La transformation cancéreuse

Le risque de transformation cancéreuse sur les berges d’un ulcère gastrique est faible. Il fait cependant pratiquer des biopsies systématiques sur les berges au moment du diagnostic et lors du contrôle de guérison. Le risque à distance de l’ulcère en cas d’infection à H pylori est faible également, il fait pratiquer des biopsies gastriques à distance de l’ulcère à la recherche d’une « métaplasie intestinale ».

1 – Plus de renseignements sur le site www.hepatoweb.com

2 – Esoméprazole, Lansoprazole, Oméprazole, Pantoprazole, Rabeprazole

TROUBLES DYSPEPTIQUES

Et les gastrites ?

→ La gastrite est une atteinte inflammatoire aiguë ou chronique de la muqueuse de l’estomac qui peut comprendre des érosions et des ulcérations. Les érosions sont des lésions limitées à la muqueuse de la paroi de l’estomac, tandis que les ulcérations ­atteignent la sous-muqueuse sans la dépasser. La gastrite peut être asymptomatique ou révélée par des troubles dyspeptiques (douleurs épigastriques, régurgitations acides, éructation excessive, augmentation des ballonnements abdominaux, nausées, sensation de digestion anormale ou lente, ou sensation de satiété précoce). Son origine est essentiellement l’infection à H. pylori et son traitement repose alors sur l’éradication de la bactérie. Une gastrite peut également être induite par les AINS. Les autres causes sont rares.

Hygiène et diététique

Existe-t-il des règles hygiéno-diététiques dans le traitement de l'ulcère ? Pour le Pr Benoît Coffin*, il n'y en a pas. La seule serait l'arrêt du tabac, qui est un facteur favorisant l'ulcère. On encourage donc les patients à arrêter de fumer. En dehors de la maladie coeliaque, aucun régime n'a démontré une quelconque efficacité en gastroentérologie. Cependant, si un patient a des brûlures d'estomac après avoir bu du vin blanc – cela dépend des susceptibilités individuelles –, il faut, bien sûr, qu'il évite d’en boire.

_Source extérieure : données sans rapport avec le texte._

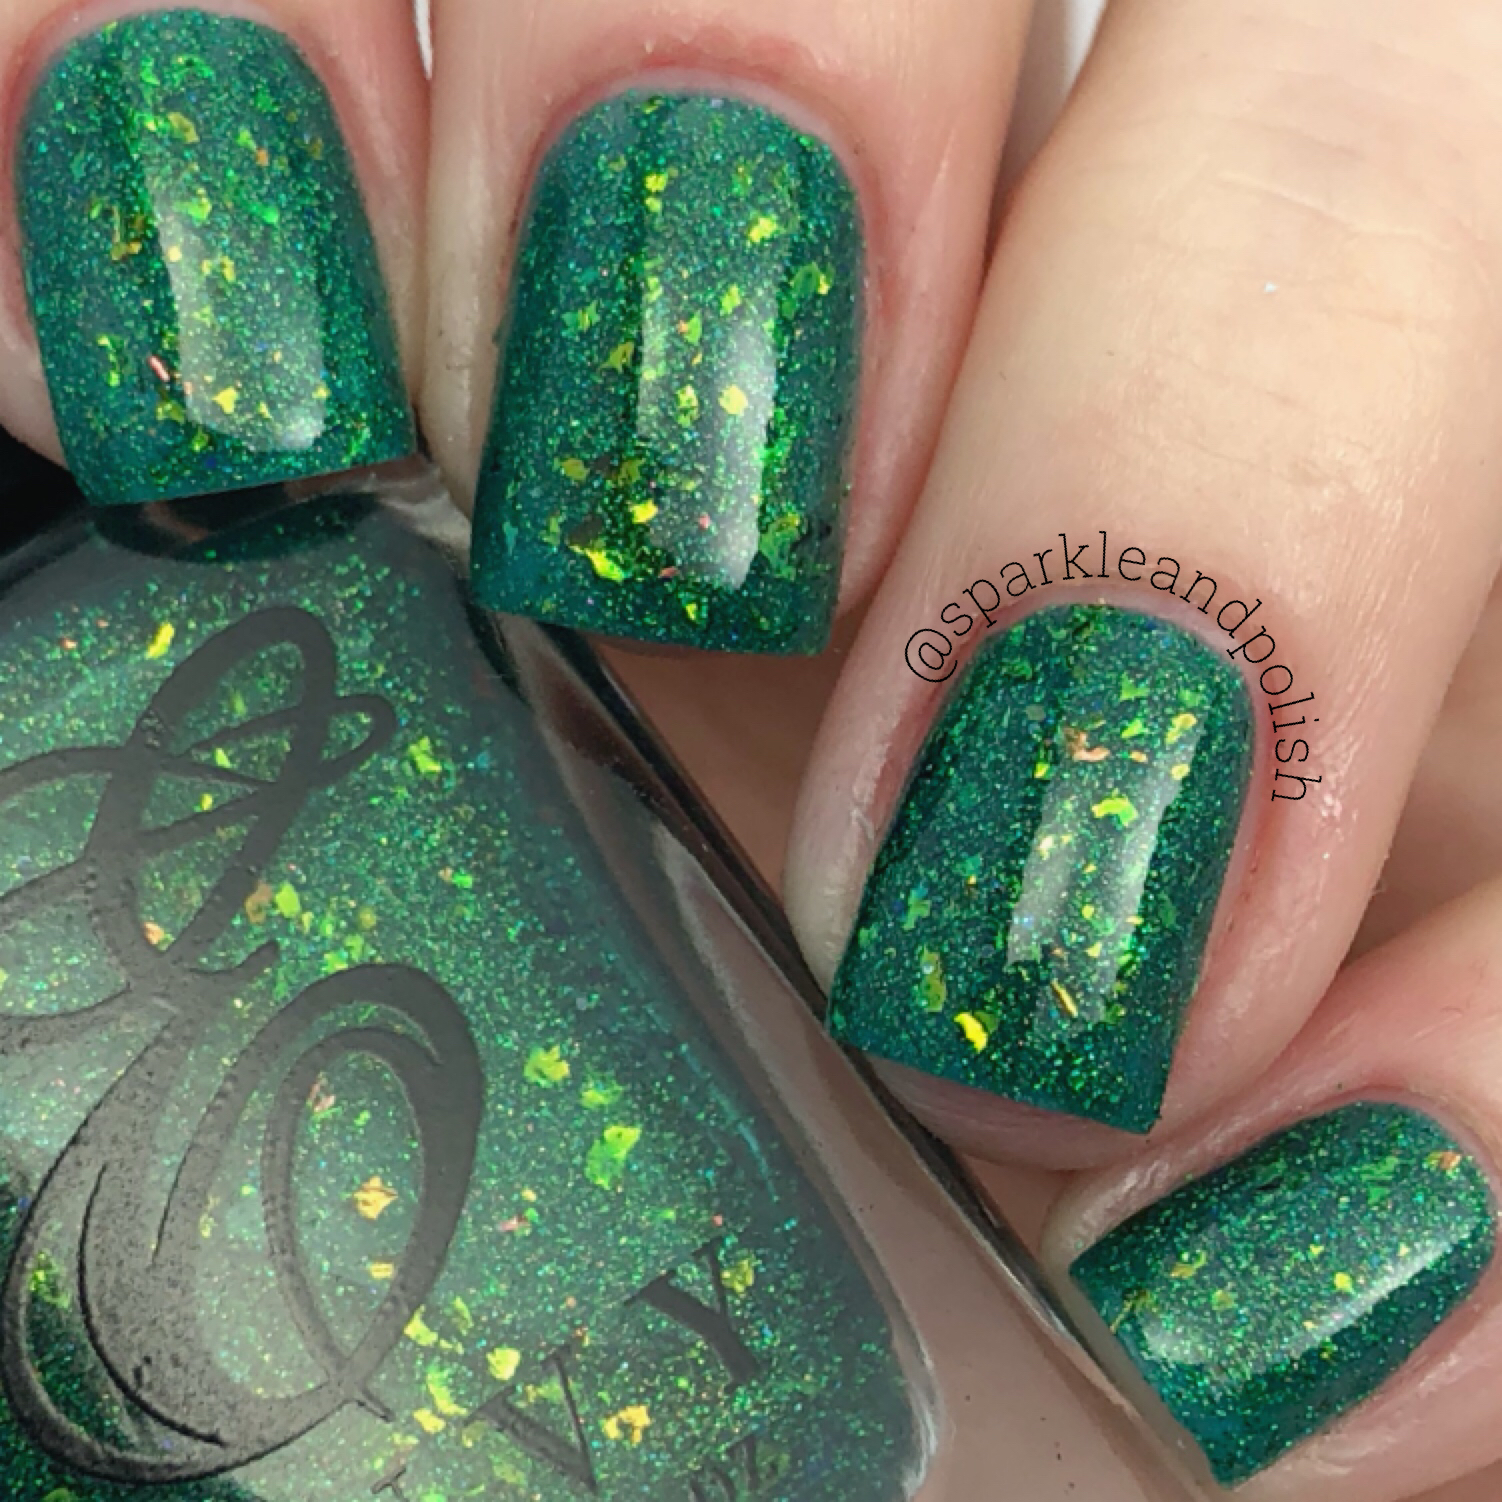 A Little Sparkle and Polish

* Chef de service hépato-gastroentérologie, hôpital Louis-Mourier, Colombes (92).

POINT DE VUE

Une endoscopie si nécessaire

PR BENOÎT COFFIN

CHEF DE SERVICE, HÉPATO–GASTRO-ENTÉROLOGIE, HÔPITAL LOUIS-MOURIER, COLOMBES 92.

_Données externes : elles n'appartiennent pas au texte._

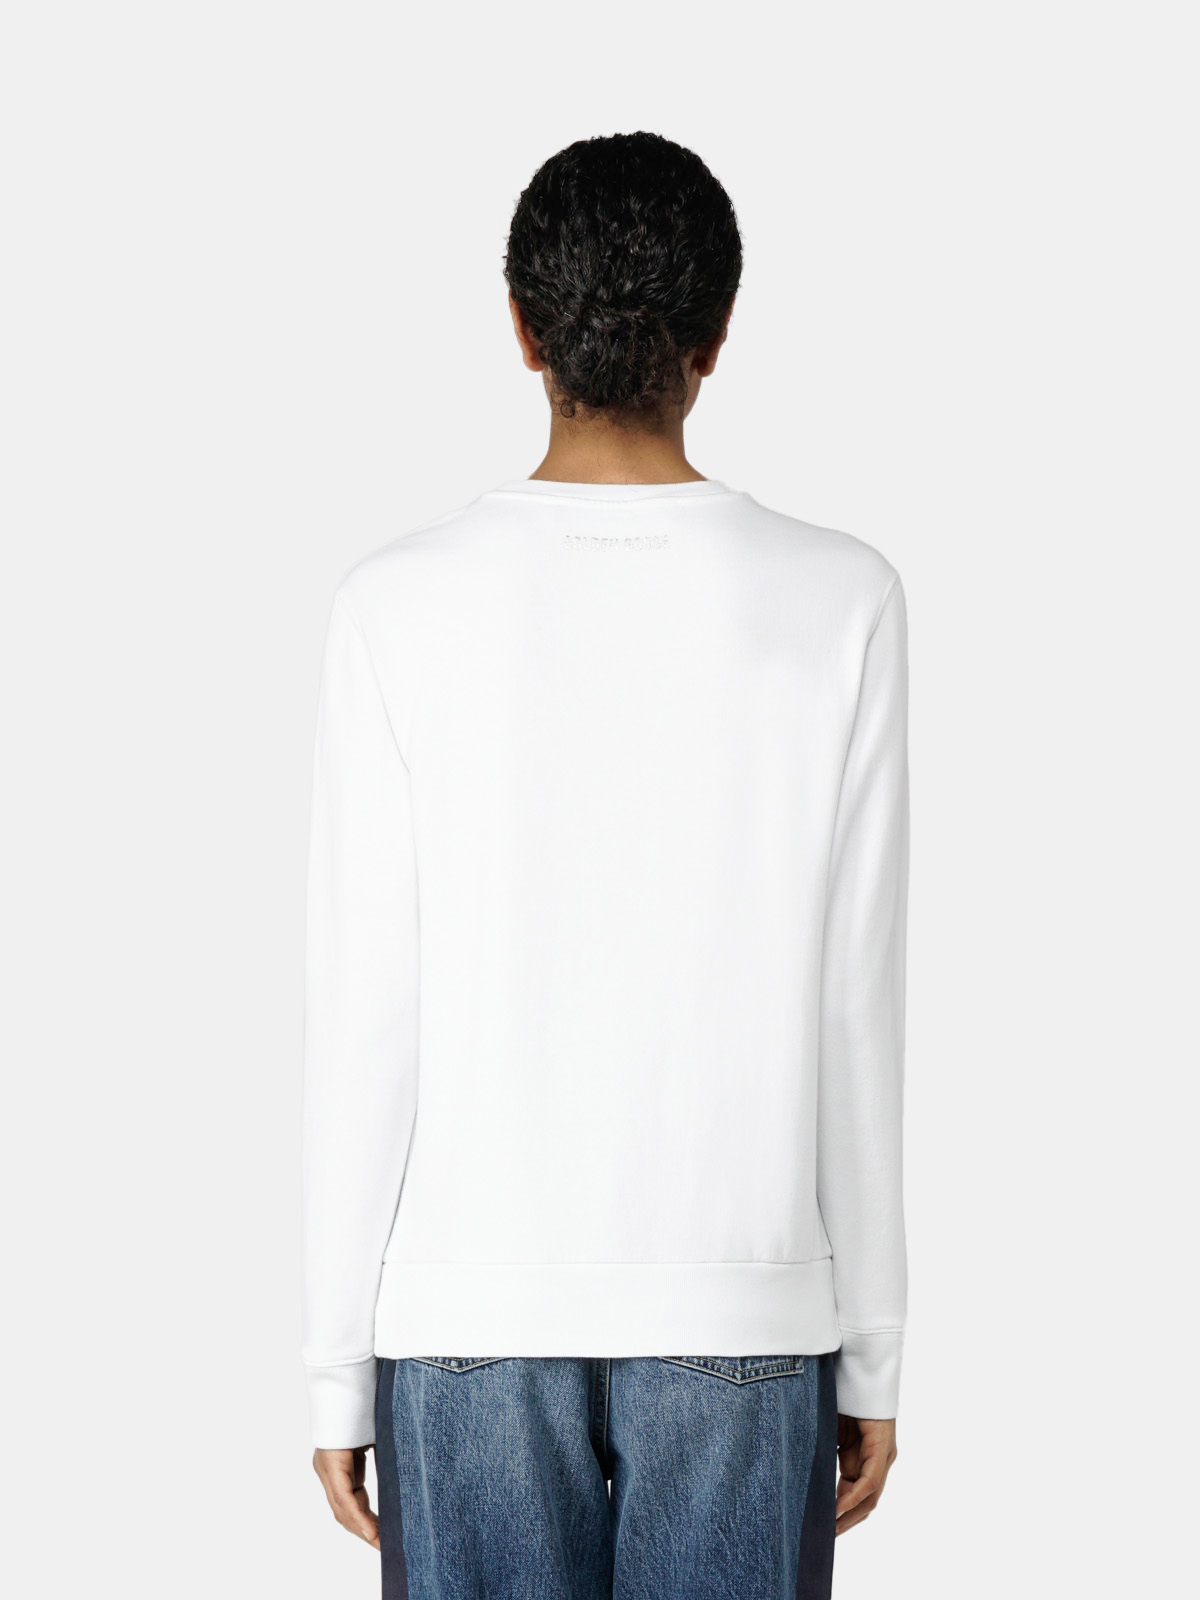 Golden Goose - Athena white sweatshirt with laminated star print in

→ Chez un patient qui présente des symptômes digestifs et des douleurs épigastriques, il y a une indication d’endoscopie devant les critères suivants : un âge supérieur à 45 ans ou 50 ans ; l’existence d’une hémorragie digestive ; une altération de l’état général ; des anomalies à l’examen clinique ; et un patient sous AINS qui a des douleurs ne cédant pas au traitement habituel. Dans le groupe des sujets entre 20 et 50 ans ne présentant pas ces critères, la question est de savoir s’il faut faire une endoscopie digestive ou pas. En effet, dans environ 80 % des cas, l’endoscopie va être normale, donc, 8 fois sur 10, l’examen sera fait pour rien, mais il aura un intérêt : il va rassurer le patient.

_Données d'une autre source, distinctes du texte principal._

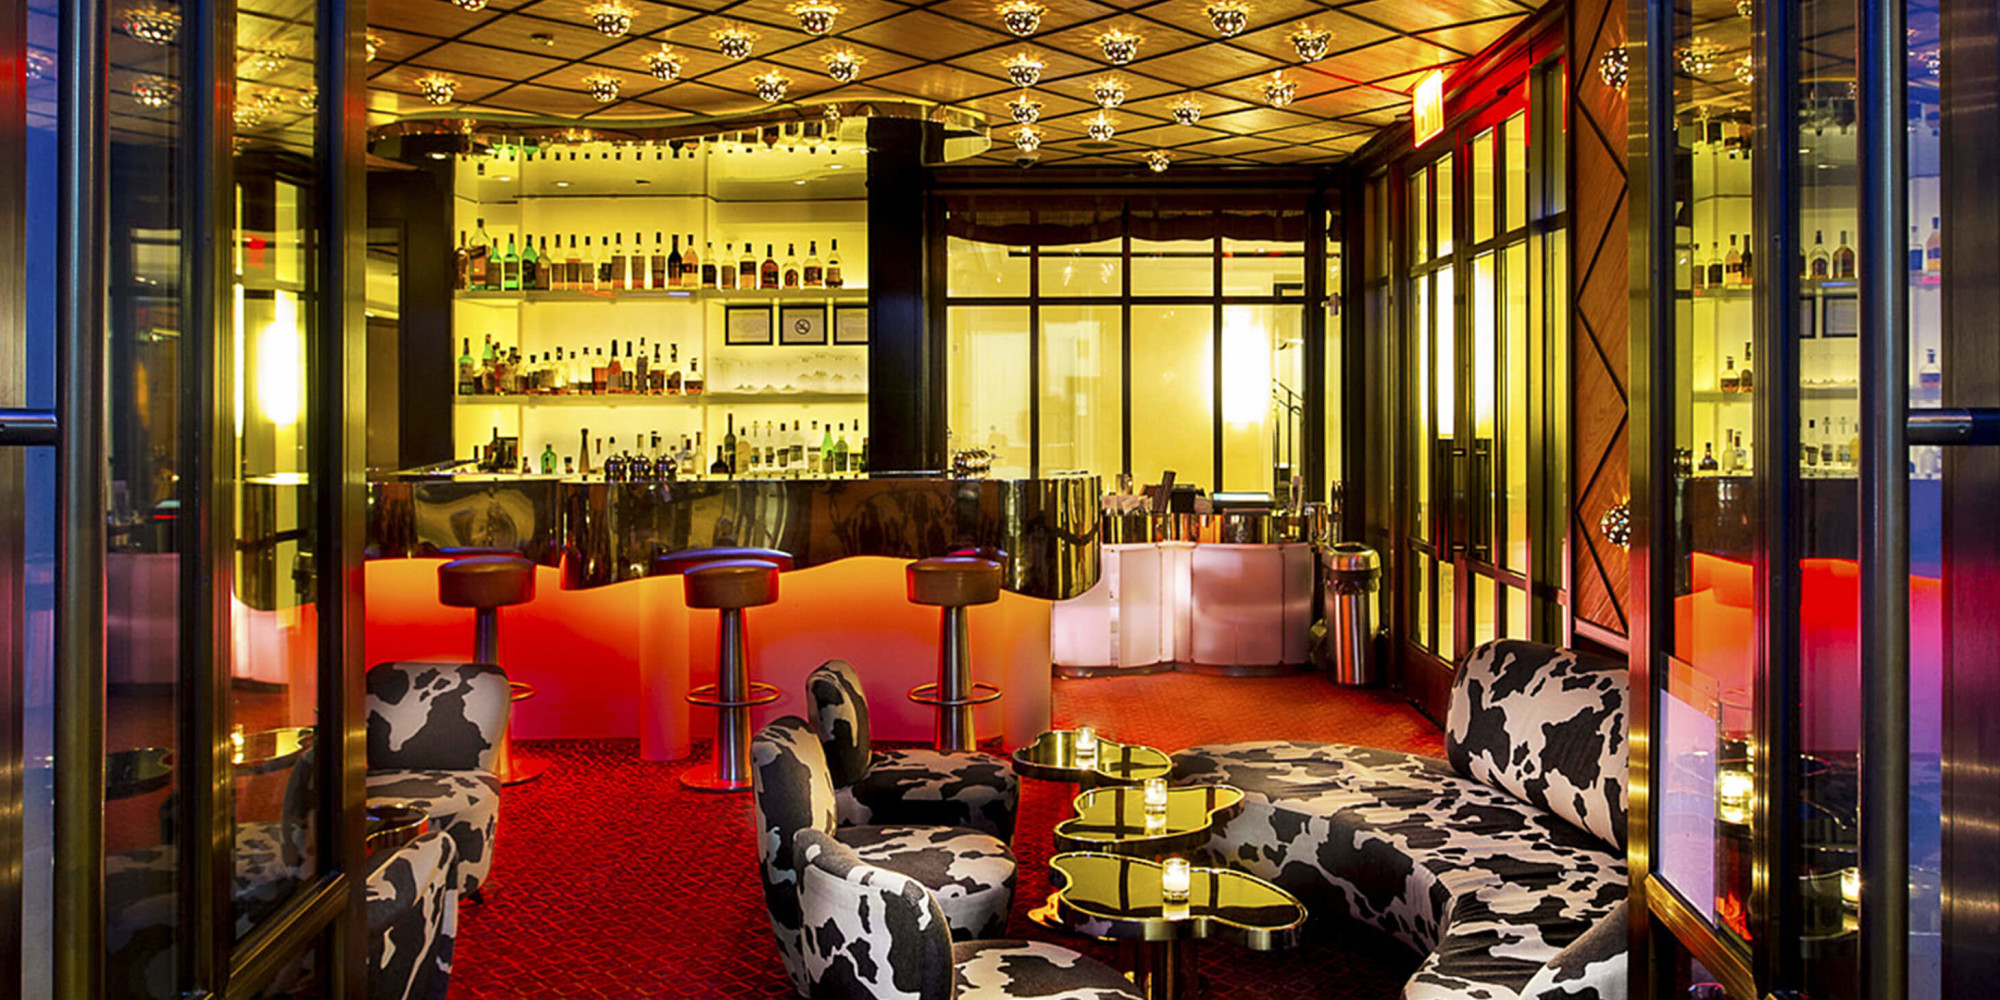 The George Hotel Bar Restaurant

Cependant, tout a un coût. On développe donc de plus en plus des stratégies dites d’attente, ce que font les médecins généralistes : ils débutent un traitement d’épreuve basé sur des médicaments. En ce moment, on utilise les inhibiteurs de la pompe à protons (IPP) pendant deux à quatre semaines. Si l’état du patient ne s’améliore pas, on peut alors discuter une endoscopie digestive.